About 20 minutes later, a half-dozen more hikers appeared, including a well-built fellow. “I mean, he was, you know, very fit, very strong, you know, just that real husky size," Junker says.
Surely this was the end of this awful, oozing odyssey, he thought.
“He grabbed me around my waist, I draped my arms over his shoulders,” as Junker describes it. “He is down in a squat position, tries pulling up at the point where I was like, ‘Something's gonna break here.’ And I just said, ‘No. Clearly, I'm not moving.’”
They tried using the boards for leverage but to no avail.
It had now been 90 minutes and it was decided they should call 9-1-1.
The operator stayed on the line keeping everybody calm for some time before connecting the call to Port Alberni RCMP, which began to formulate a plan.
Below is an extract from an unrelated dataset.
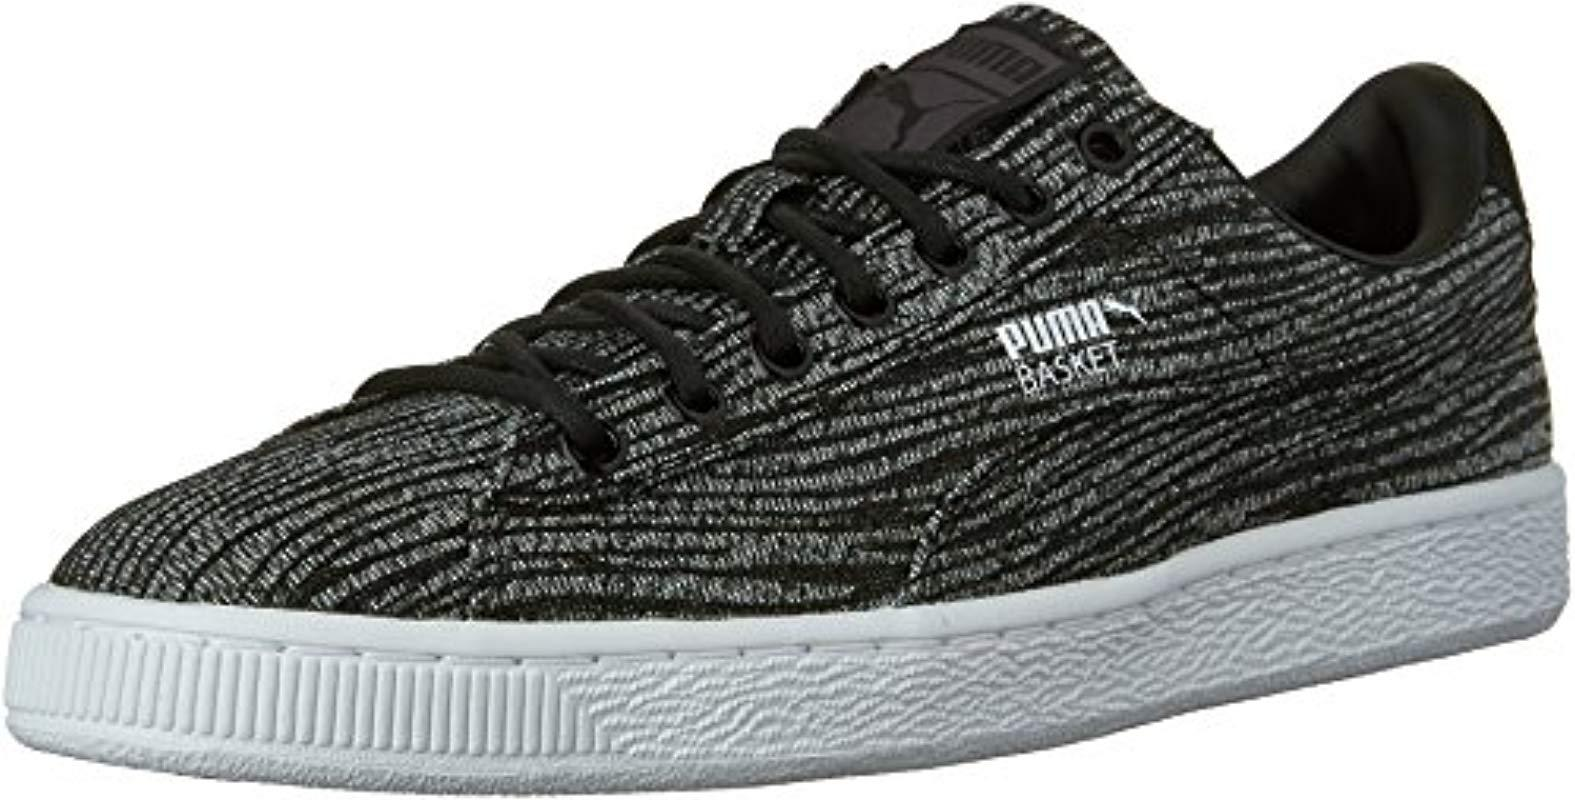 fbe9ea23f020c Lyst - PUMA Basket Classic Tiger Mesh Fashion Sneaker in Black for Men

Meantime, the rescuers were still at it with the wood.
They tried shoving the boards down by Junker’s sides, one person digging the clay, the other shovelling it out.
“I mean, I can see the sweat on their foreheads and I'm trying to help a little bit in front of me, but I'm also trying not to move or I'm going to get deeper.”
Junker was still thigh-high but hopeful when one of the helping hikers slipped in just past his ankle. “He couldn’t pull his foot out, but he needed another person to sort of grab his leg and pull,” Junker says. “And between the two of them, they got his leg free.”
The digging continued for another 20 minutes when one of them struck Junker’s boot which eventually led to them cutting the laces and painstakingly freeing the man one leg at a time.
Junker says there was a cheer of excitement and then one of the hikers “grabbed me around my shoulders and just dragged me back out of the hole.”
Junker contacted BC Parks, which immediately secured the area.
BC Parks is an agency of the Environment Ministry, which in an email to Capital Daily said it was “the first report of an incident of this nature,” on the trail it had received.
“BC Parks regularly assesses the Juan de Fuca Marine Trail for public safety concerns and continues to invest in infrastructure upgrades along the trail,” the ministry said.
“The Juan de Fuca Marine Trail is a strenuous, multi-day hike in a rugged and isolated environment,” it said. “Hikers should be prepared for uneven ground and slippery conditions on muddy trails, wooden surfaces, boulders, and rocky shorelines."
Junker says many “what-ifs” have gone through his and his daughter’s minds since last Friday. “It could have gone so much worse if that crew and team of people weren’t there to help me and I just can’t say thanks enough to the entire crew and BC Parks for all they did, in cordoning off the area and for the entire team that went to the effort to rescue me,” he says.
“I was so fortunate for the group of people that came to my help and rescue.”
The province reminds hikers to consult the BC Parks website for park updates before hitting the trails.